# Fish ohio flathead



## catfishjustin (Dec 2, 2012)

Decided the other day to try fishing the river at a spot i havent ever fished at. After fishing all labor day weekend with a friend and not having much luck on the ohio river it fueled the drive to find some new spots and catch more flatheads closer to home. My friend had decent luck and manged to pull his pb a 21 lb flathead ( also fish ohio flathead. 37") when no other catfish wanted to bite. So yesterday i caught a bunch of chubs and shiners at my favorite spot for them and headed to the river. Got set up and caught a channel cat. Then caught 3 flatheads in row then a channel to end it. The flats where 11 lbs 26 lbs 12 oz and 16 lbs. The 26 lber is my new pb and a fish ohio flathead which measured 39 inchs. Unfortunately was fishing by myself and didn't get a good picture. Feels good to take a risk and find a new spot. 
First picture is my fish and second picture is my friend. Both fish where released to get bigger i hope.


----------



## Shortdrift (Apr 5, 2004)

Nice catch and something you will always remember. Best of luck on adding 10 or more pounds on the next trophy flathead.


----------



## sherman51 (Apr 12, 2011)

congrats on the nice fish. kudos for releasing them.
sherman


----------



## catfishjustin (Dec 2, 2012)

Well i went back to my new favorite spot. I caught an 11 lb flat and a 6 lb flat. Then some time went by and i was about to call it quits and had a bite tip my pole down. Grabbed it and it was on. Was around a half hour battle filled with long drag screaming runs. Weighed 43 lbs and 45". New personal best flathead and heaviest fish ive ever caught. Was released. Bucket in photo is for size comparison and the string was for my scale


----------



## Chillydigits (Jun 11, 2013)

Really nice fish!!!


----------



## ya13ya03 (Sep 21, 2010)

That's a good one.


----------



## 1MoreKast (Mar 15, 2008)

Tank ! Good going


----------



## One guy and a boat (Aug 8, 2018)

Great catch and kudos for releasing. Your arms recover yet? Caught a 43" two years ago. 40 minute battle on 8lb line. Shoulders sore for a week. 
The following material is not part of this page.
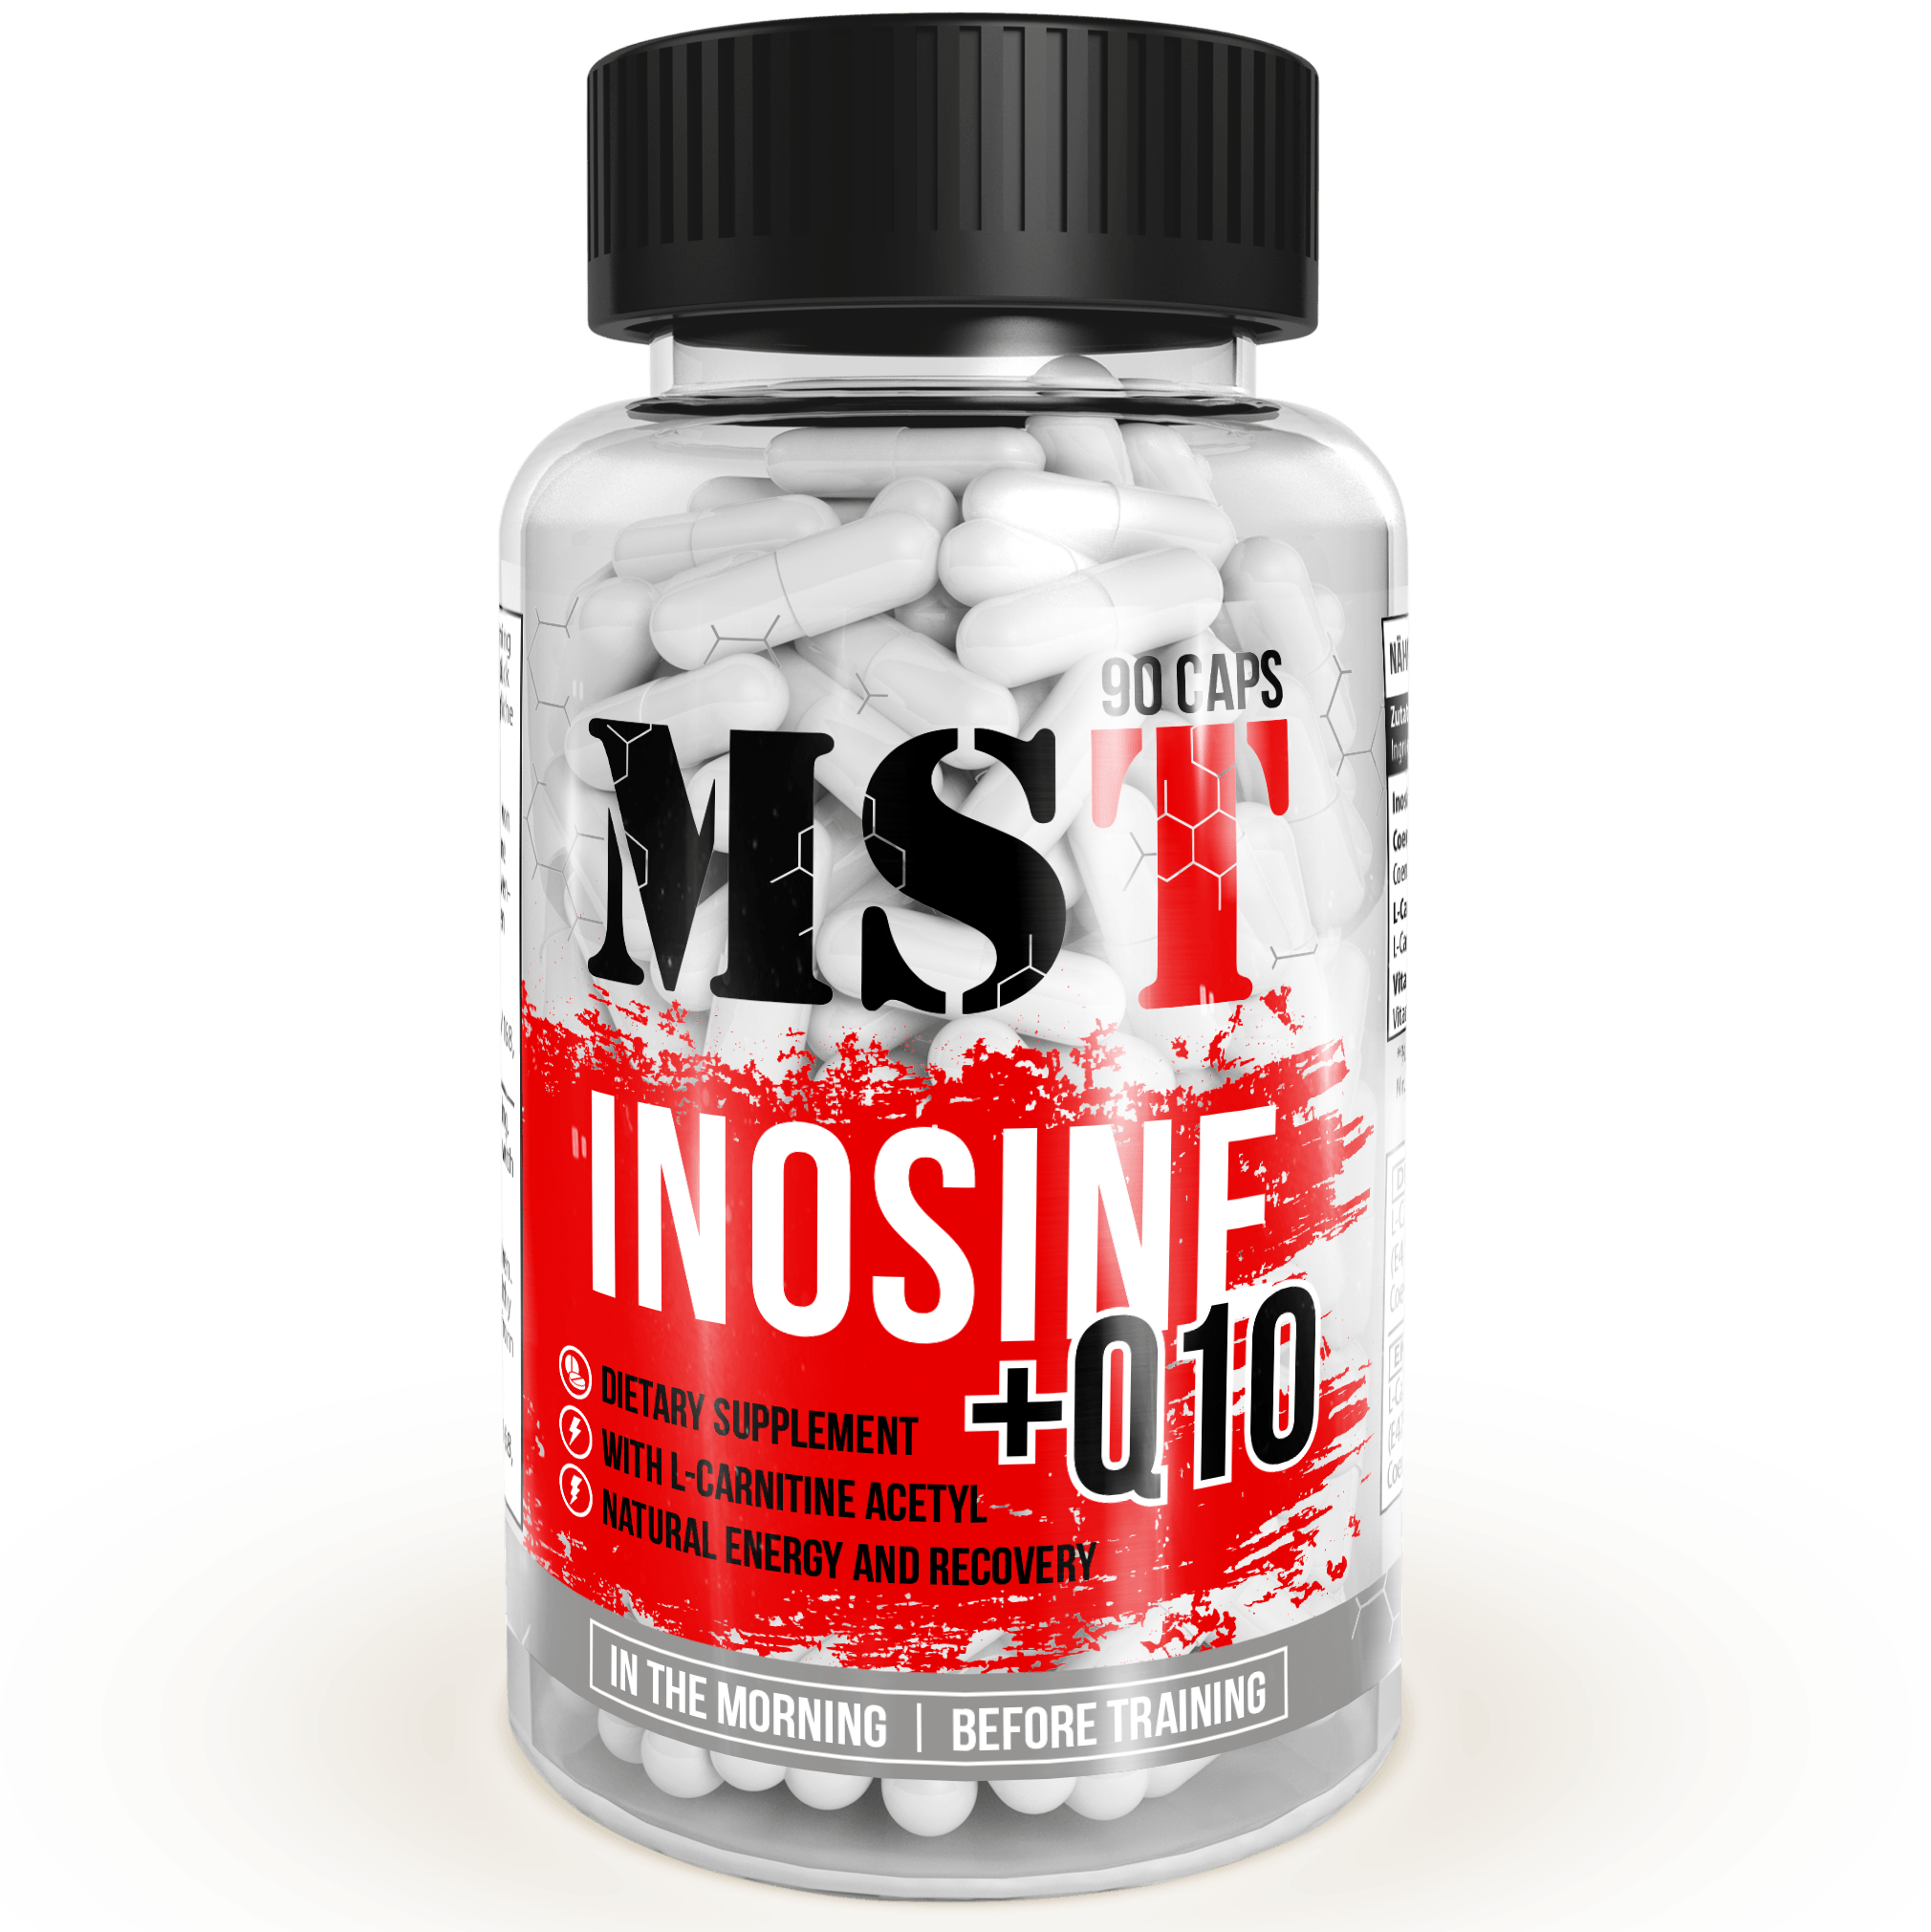 Inosine+Q10, 90 pcs, MST Nutrition. Special supplements.

Sent from my LM-X410(FG) using Tapatalk


----------



## catfishjustin (Dec 2, 2012)

Thank you everyone for all the congradulating. Going back out tonight. Fishing is addicting. I need to find some more spots to catch bait.


----------



## 1catdaddy1 (Jan 29, 2007)

would like to know which river if you don't mind,if not no worries and nice fish!


----------



## catfishjustin (Dec 2, 2012)

I dont think i will say what river in this post. Its a popular river thats been mentioned a lot. Ive had the spot all to myself some how. Caught a few last night, nothing over 20. Did have one bite that was crazy, bait clicker was on and my rod still almost got yanked in but the fish dropped it just as quick. Thinking it was a big catfish or even a musky maybe.


----------